Framig Latin American Cinema a, en outre, le mérite de mettre les idées en pratique, comme le démontre la diversité et la multiplicité de voix intégrées à cette réflexion collective. D’une part, le projet réunit les deux critiques du cinéma latino-américain les plus renommés dans leurs secteurs respectifs parmi ses collaborateurs – José Carlos Avellar, du Brésil, et Julianne Burton-Carvajal, des États-Unis – ainsi que des spécialistes de la hauteur de John Mraz – dont les études sur les liens entre le cinéma latino-américain et ses références historiques se sont converties en modèles du genre – et Paulo A. Paranagua, qui avec son rigoureux travail comme critique, éditeur et organisateur d’échantillons et de festivals, a contribué comme peu à la connaissance du cinéma latino-américain en Europe, particulièrement en France.
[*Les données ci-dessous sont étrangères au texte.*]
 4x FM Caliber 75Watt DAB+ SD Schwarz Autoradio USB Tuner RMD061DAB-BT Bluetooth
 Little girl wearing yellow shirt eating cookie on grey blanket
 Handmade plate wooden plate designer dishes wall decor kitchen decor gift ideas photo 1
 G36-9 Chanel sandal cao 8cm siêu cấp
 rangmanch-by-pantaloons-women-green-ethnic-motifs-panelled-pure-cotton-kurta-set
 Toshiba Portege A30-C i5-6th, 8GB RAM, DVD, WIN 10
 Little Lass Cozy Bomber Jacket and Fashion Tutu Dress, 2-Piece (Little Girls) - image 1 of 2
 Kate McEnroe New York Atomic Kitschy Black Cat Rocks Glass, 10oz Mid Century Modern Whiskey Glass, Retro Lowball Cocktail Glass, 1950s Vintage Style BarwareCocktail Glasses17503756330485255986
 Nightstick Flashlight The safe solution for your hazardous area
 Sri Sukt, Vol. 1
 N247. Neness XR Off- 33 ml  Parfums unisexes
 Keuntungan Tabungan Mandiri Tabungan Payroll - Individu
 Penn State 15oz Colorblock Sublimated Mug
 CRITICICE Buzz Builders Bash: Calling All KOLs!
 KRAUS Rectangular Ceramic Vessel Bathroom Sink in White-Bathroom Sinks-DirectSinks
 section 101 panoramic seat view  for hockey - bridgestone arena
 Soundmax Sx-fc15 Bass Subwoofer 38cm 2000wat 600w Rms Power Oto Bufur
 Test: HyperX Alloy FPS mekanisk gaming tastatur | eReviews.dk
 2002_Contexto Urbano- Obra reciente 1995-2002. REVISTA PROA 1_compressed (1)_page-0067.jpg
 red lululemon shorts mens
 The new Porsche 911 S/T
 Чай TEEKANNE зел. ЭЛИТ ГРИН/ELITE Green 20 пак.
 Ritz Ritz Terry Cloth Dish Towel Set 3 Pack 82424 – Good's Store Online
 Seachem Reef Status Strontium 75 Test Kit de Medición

D’autre part, le volume est enrichi avec la vision de spécialistes d’autres disciplines – comme le spécialiste en culturologie Néstor García Canclini – et la participation de jeunes critiques telles que Laura Podalsky et Patricia Santoro, tout cela garantissant la variété et la fraîcheur des points de vue. L’ensemble des idées que les auteurs proposent et débattent constitue une vigoureuse tentative de transcender les limitations du discours critique traditionnel. Il n’y a peut-être pas une meilleure manière d’offrir de nouvelles alternatives à l’étude du cinéma latino-américain et, par extension, des cinématographies moins connues des autres parties du monde.